Exercise description:
Pictures aside, every line of the listing should be given again exactly.

Given material:
BEGIN
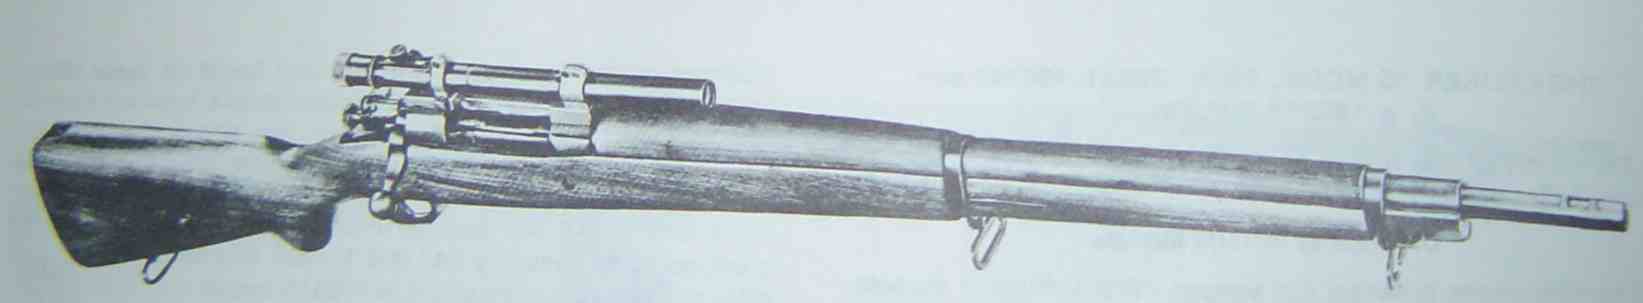 Springfield Mle 1903 A4
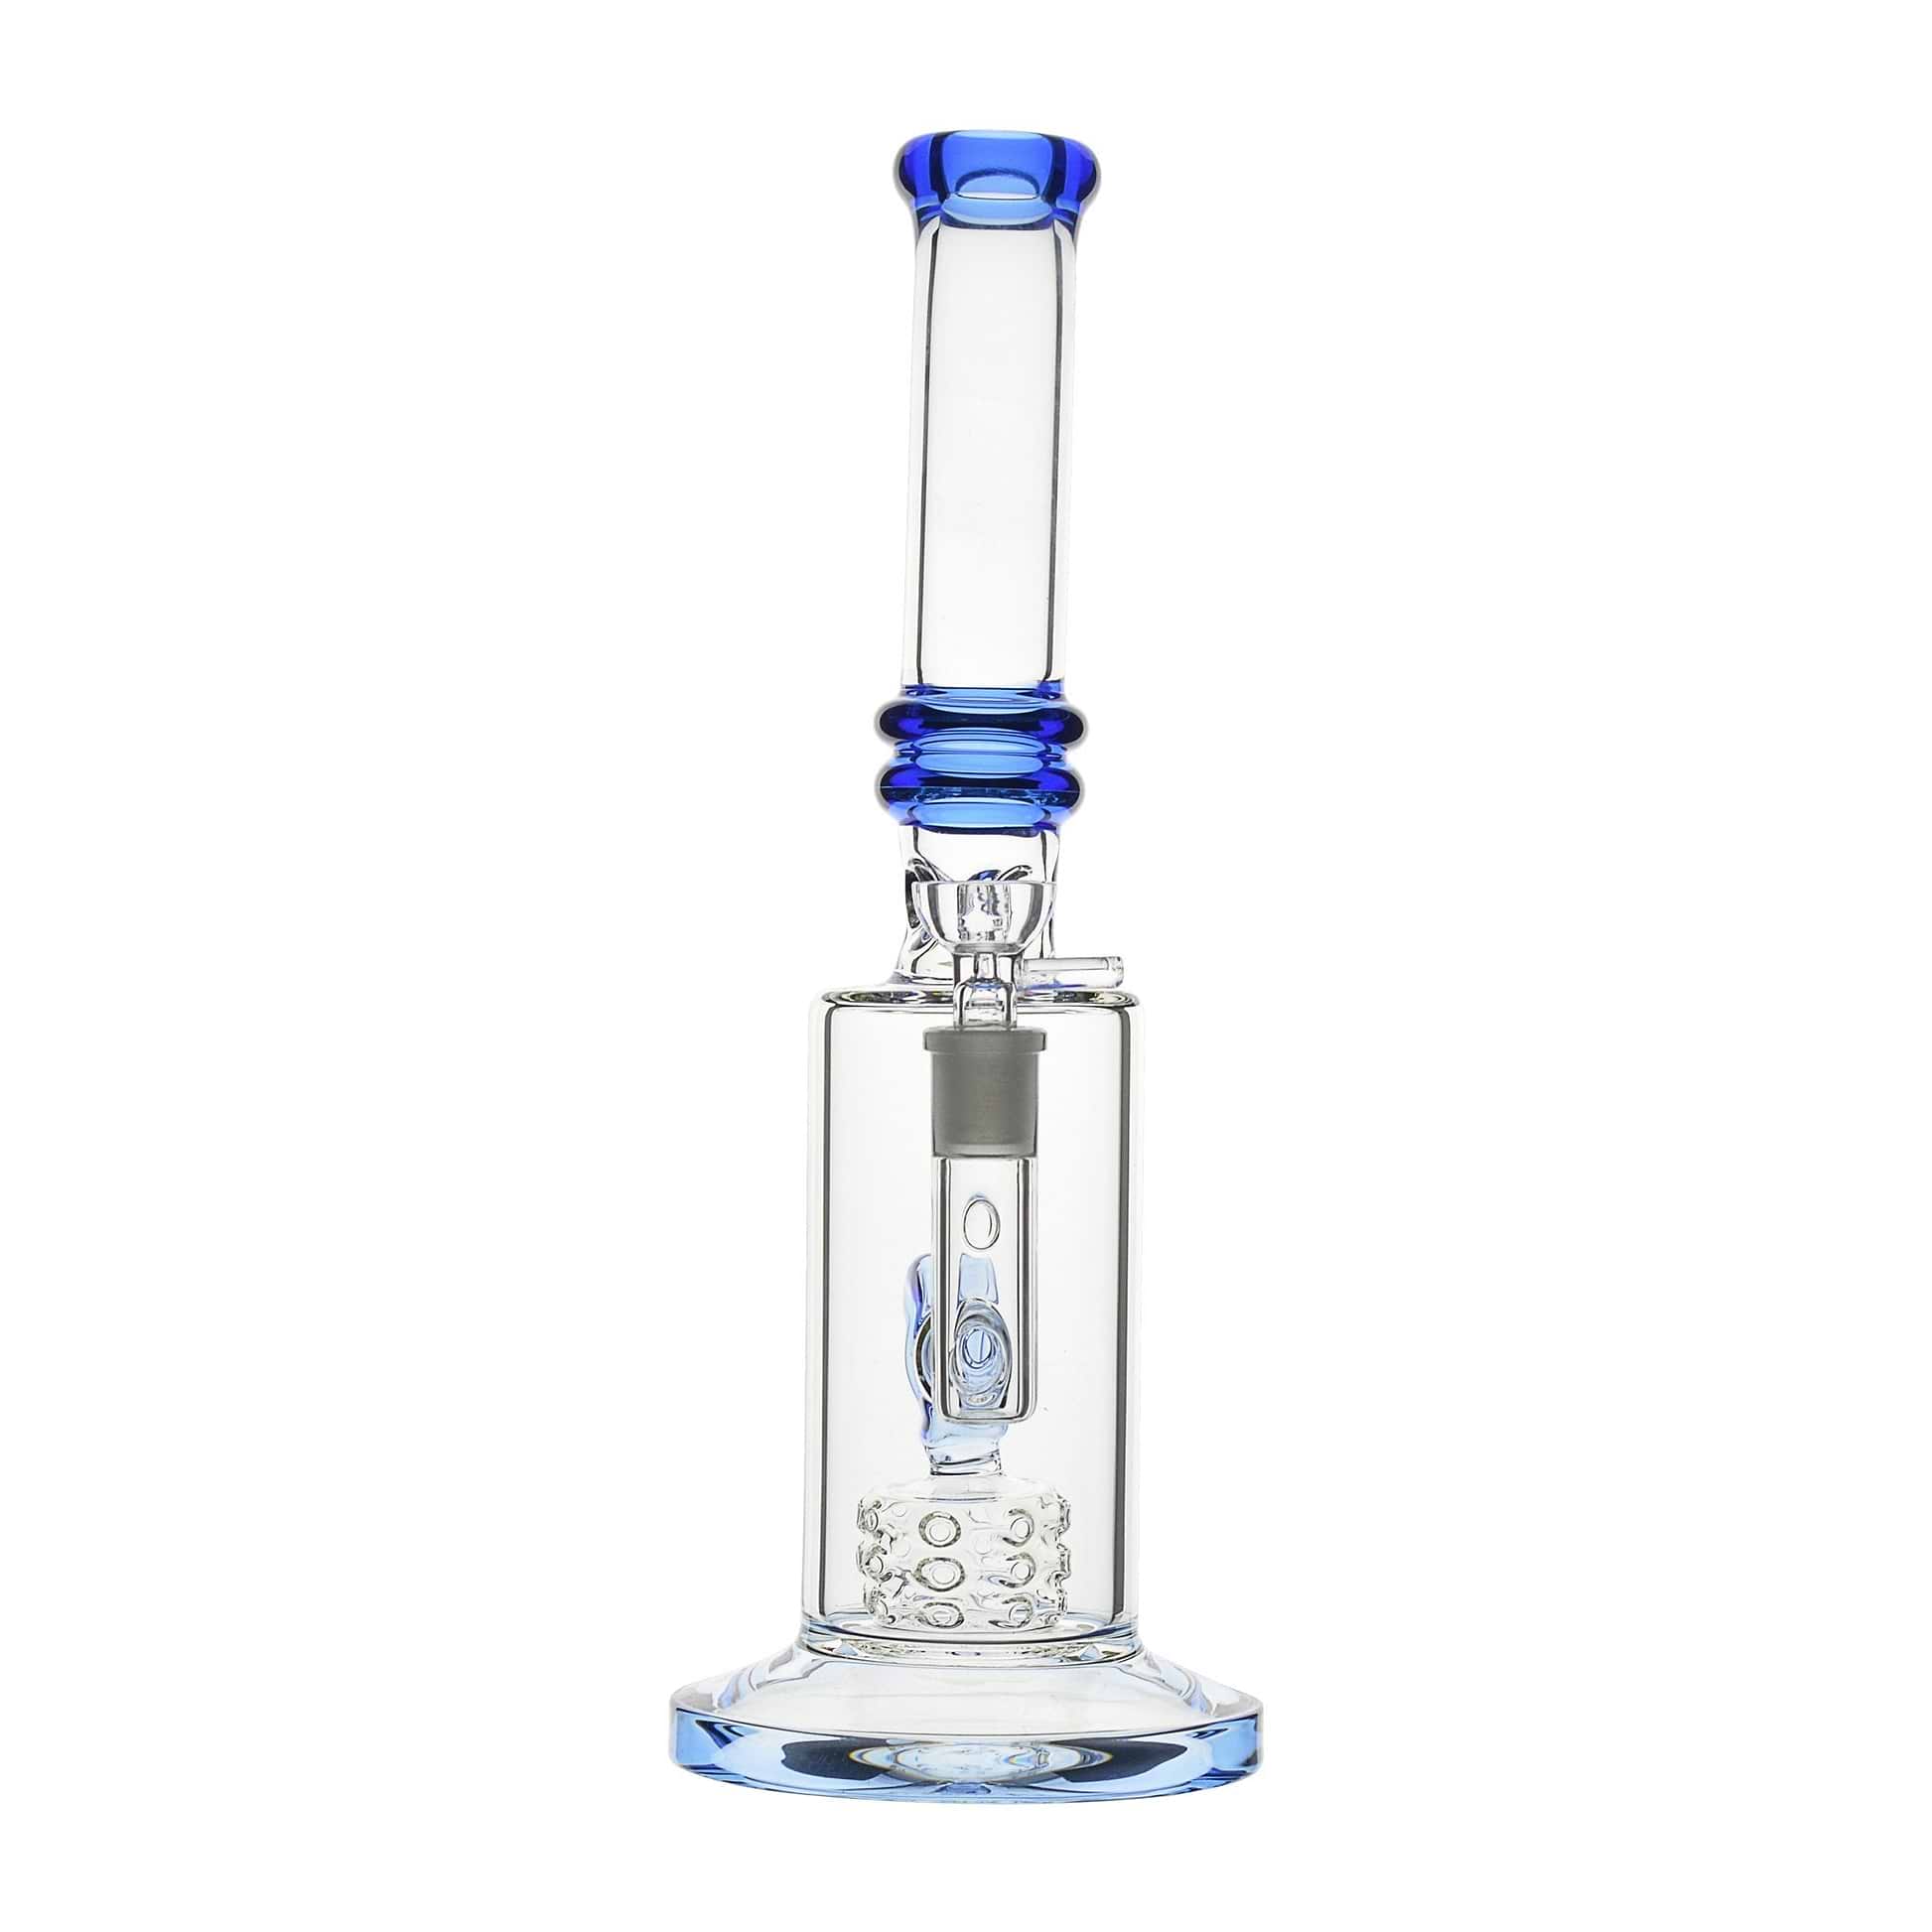 Blue Clear glass bong smoking device built-in catcher, splash guards, bowl iceberg-inspired design laboratory microscope look
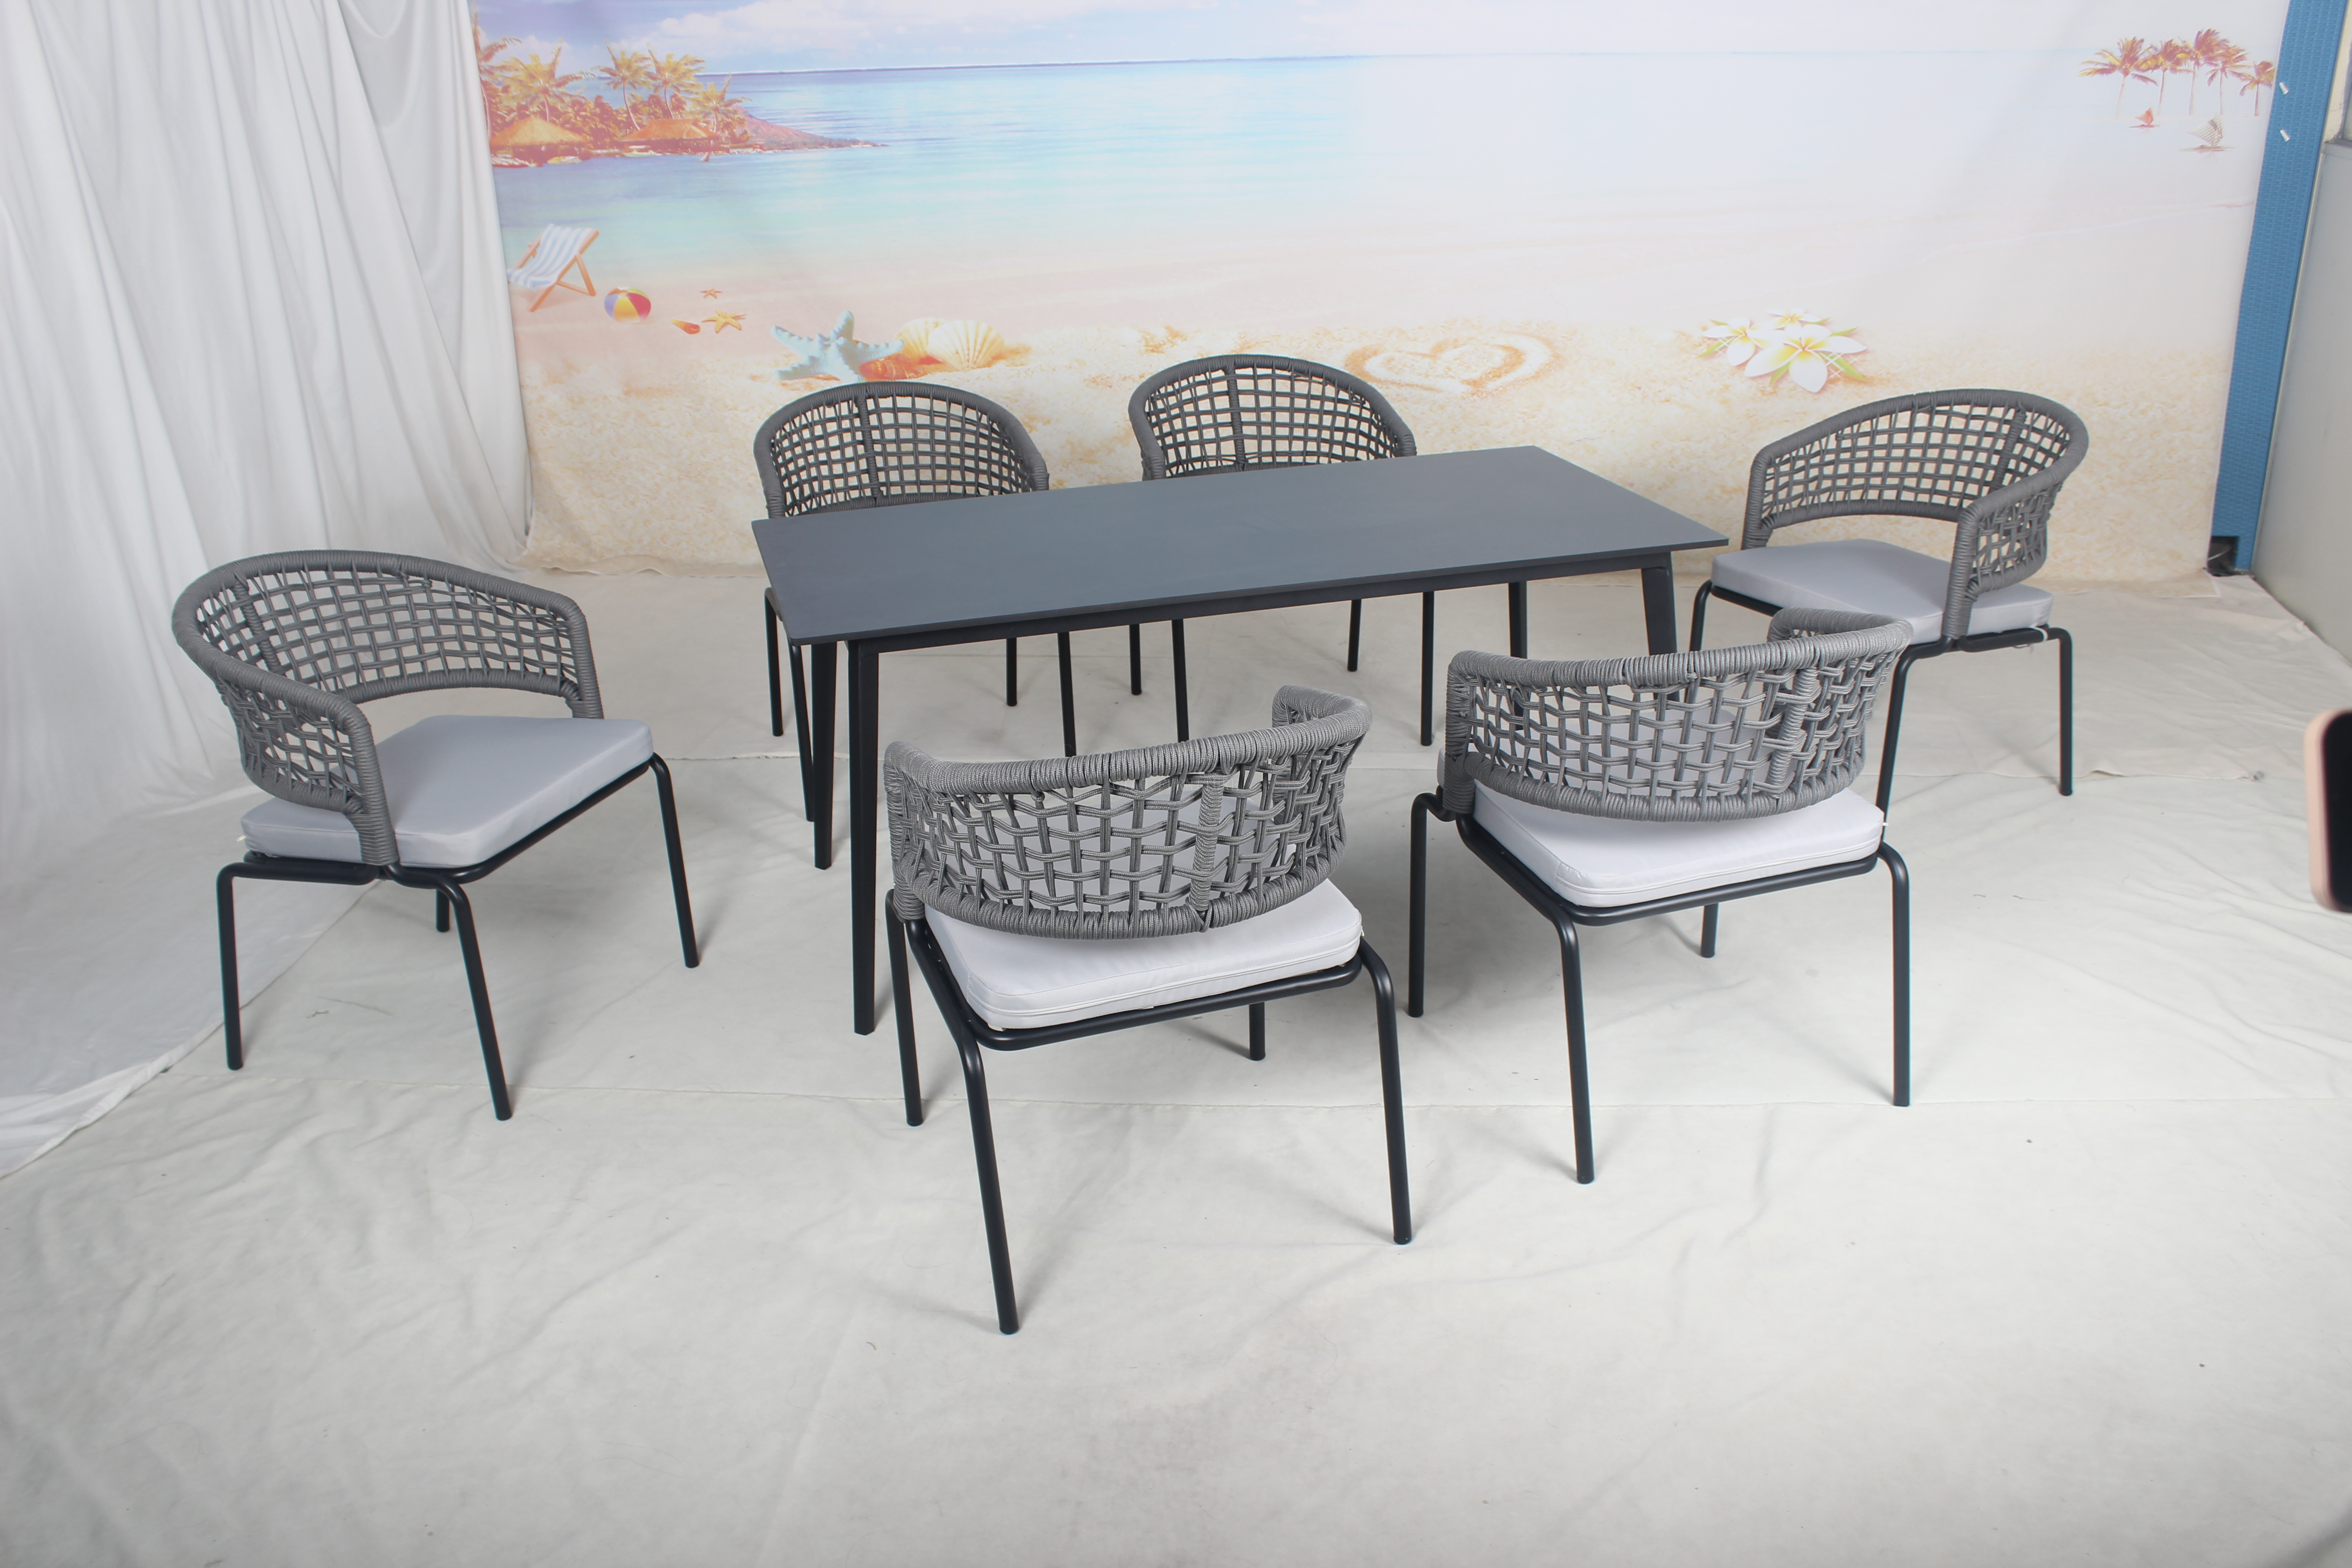 6 seat outdoor restaurant table and chairs set
END
Finished task:
 Springfield Mle 1903 A4
 Blue Clear glass bong smoking device built-in catcher, splash guards, bowl iceberg-inspired design laboratory microscope look
 6 seat outdoor restaurant table and chairs set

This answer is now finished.